Transcribe the data verbatim and drop its images.

(Data block Opens)

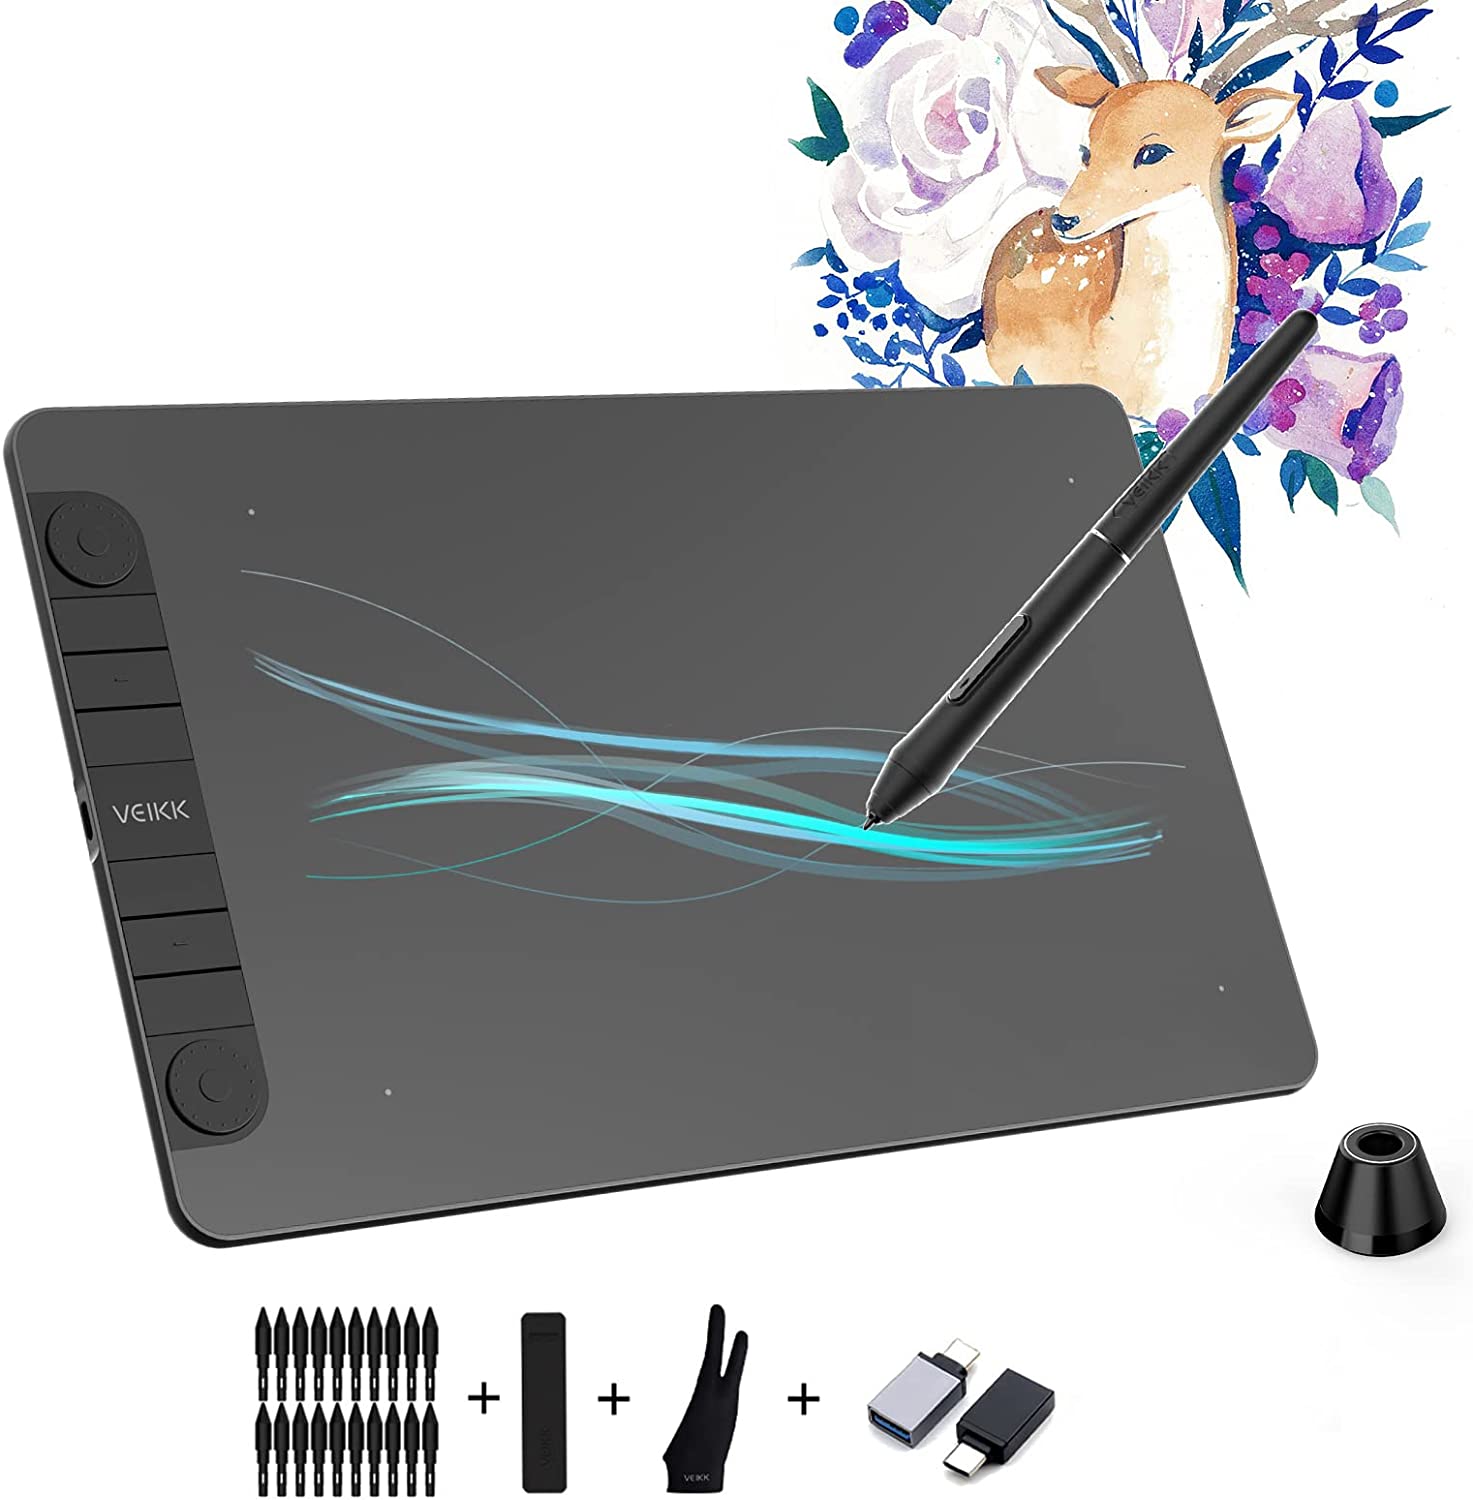 تبلت طراحی ویک VEIKK Drawing Tablet مدل VK1060 Pro Pen - ارسال ۱۰ الی ۱۵ روز کاری
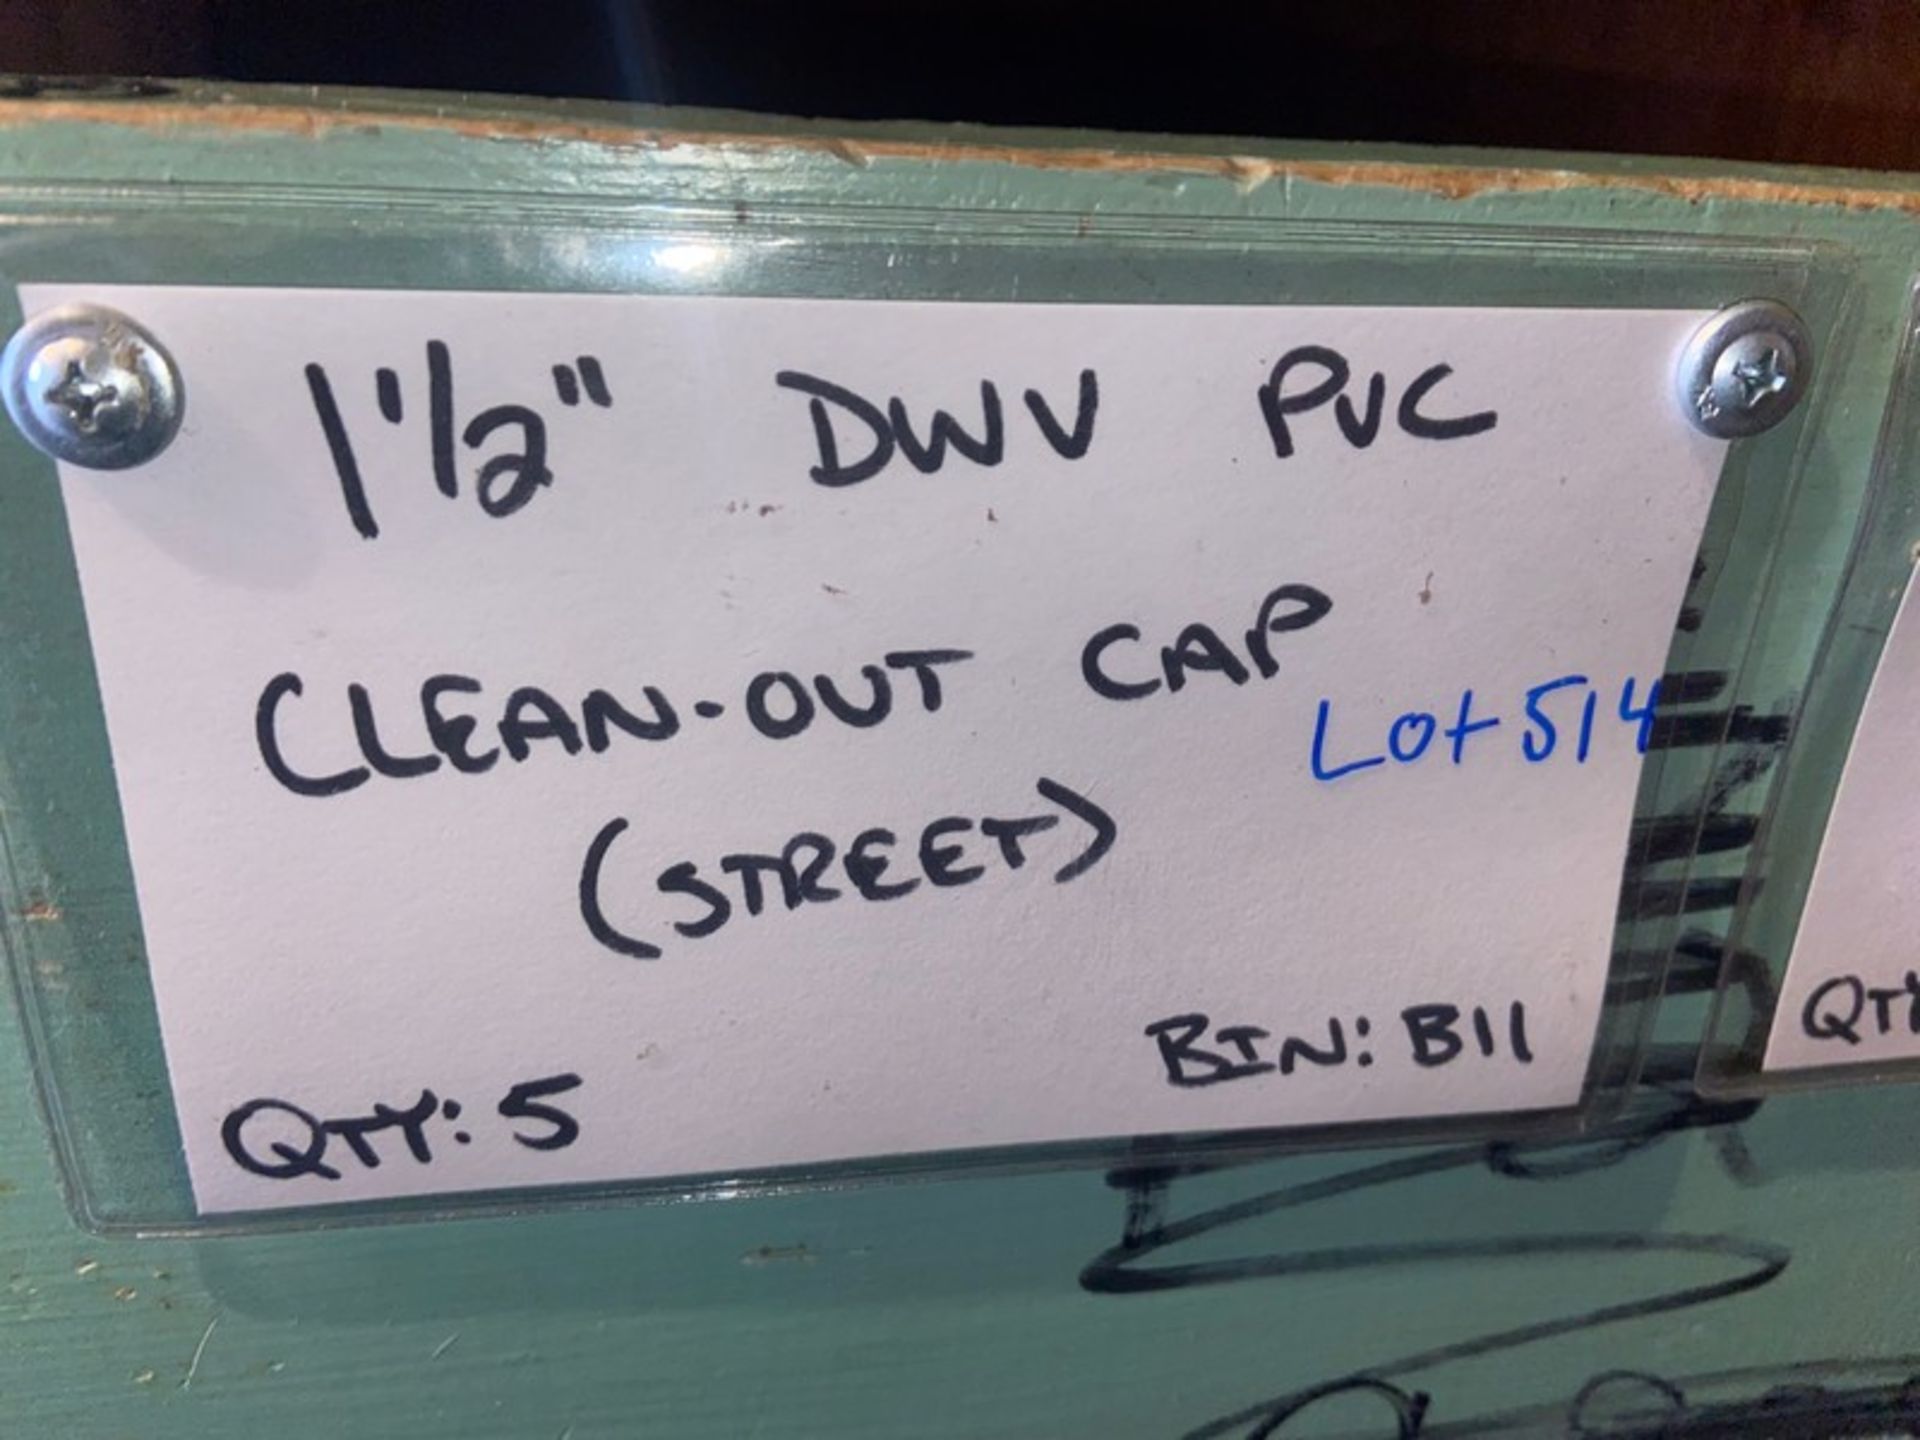 (5) 1 1/2” DWV PVC Clean-out CAP (STREET) (Bin: B11), Includes (23) 1 1/2” DWV PVC Clean-out CAP ( - Image 3 of 9
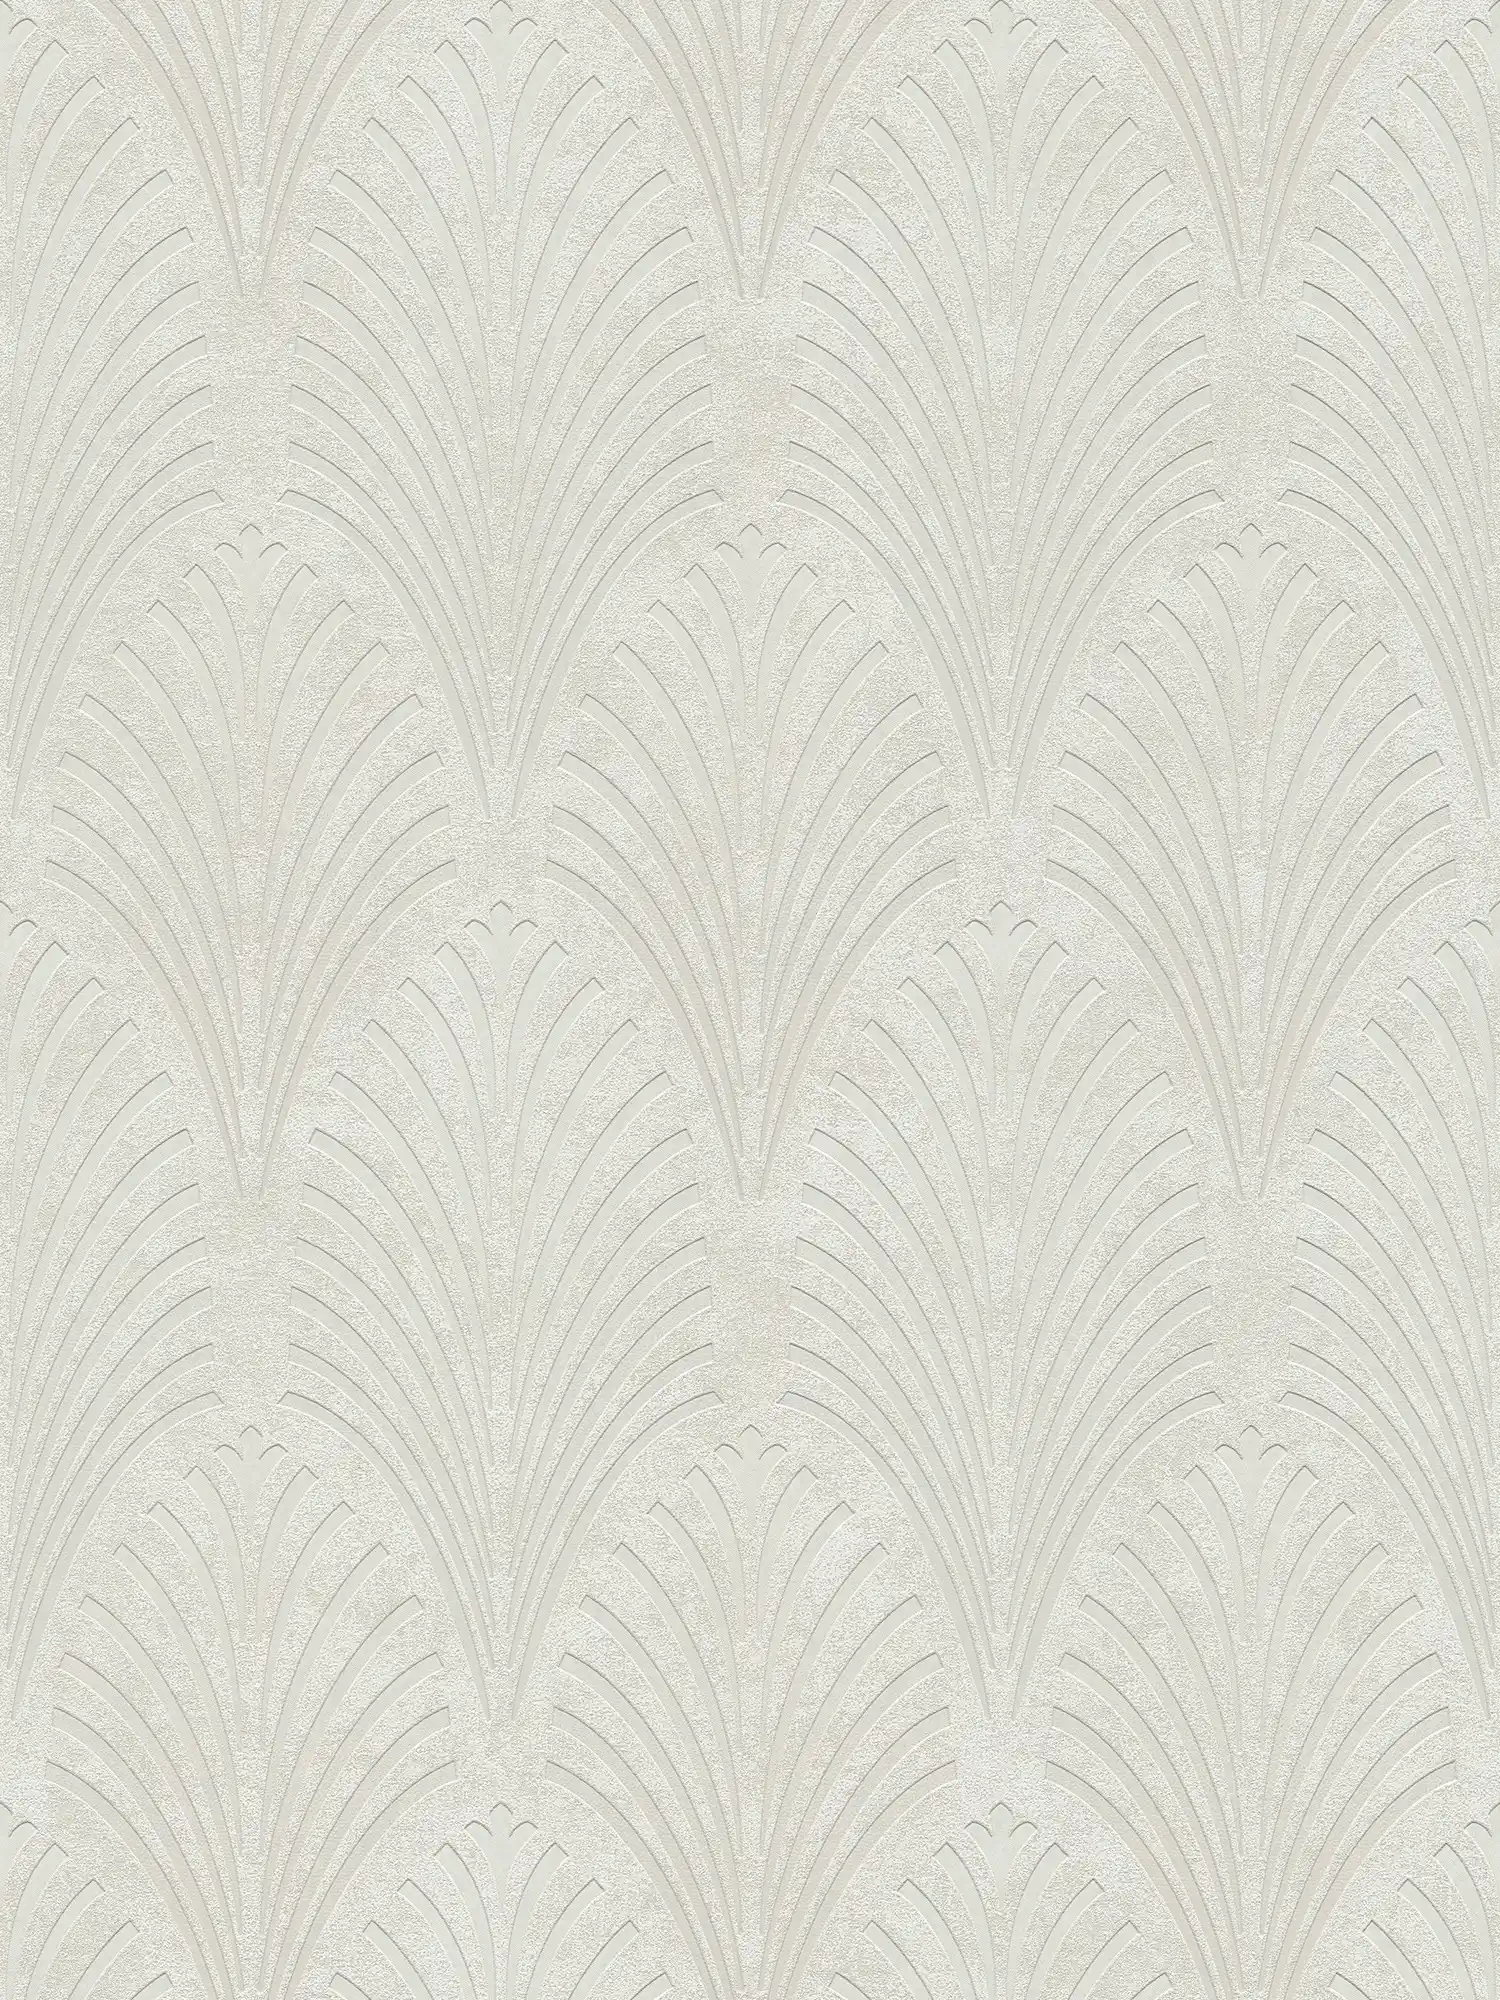 Retro wallpaper Art Deco style with geometric pattern - cream, grey, beige

(Data block Closes)

Exercise answer:
 تبلت طراحی ویک VEIKK Drawing Tablet مدل VK1060 Pro Pen - ارسال ۱۰ الی ۱۵ روز کاری
 (5) 1 1/2” DWV PVC Clean-out CAP (STREET) (Bin: B11), Includes (23) 1 1/2” DWV PVC Clean-out CAP ( - Image 3 of 9
 Retro wallpaper Art Deco style with geometric pattern - cream, grey, beige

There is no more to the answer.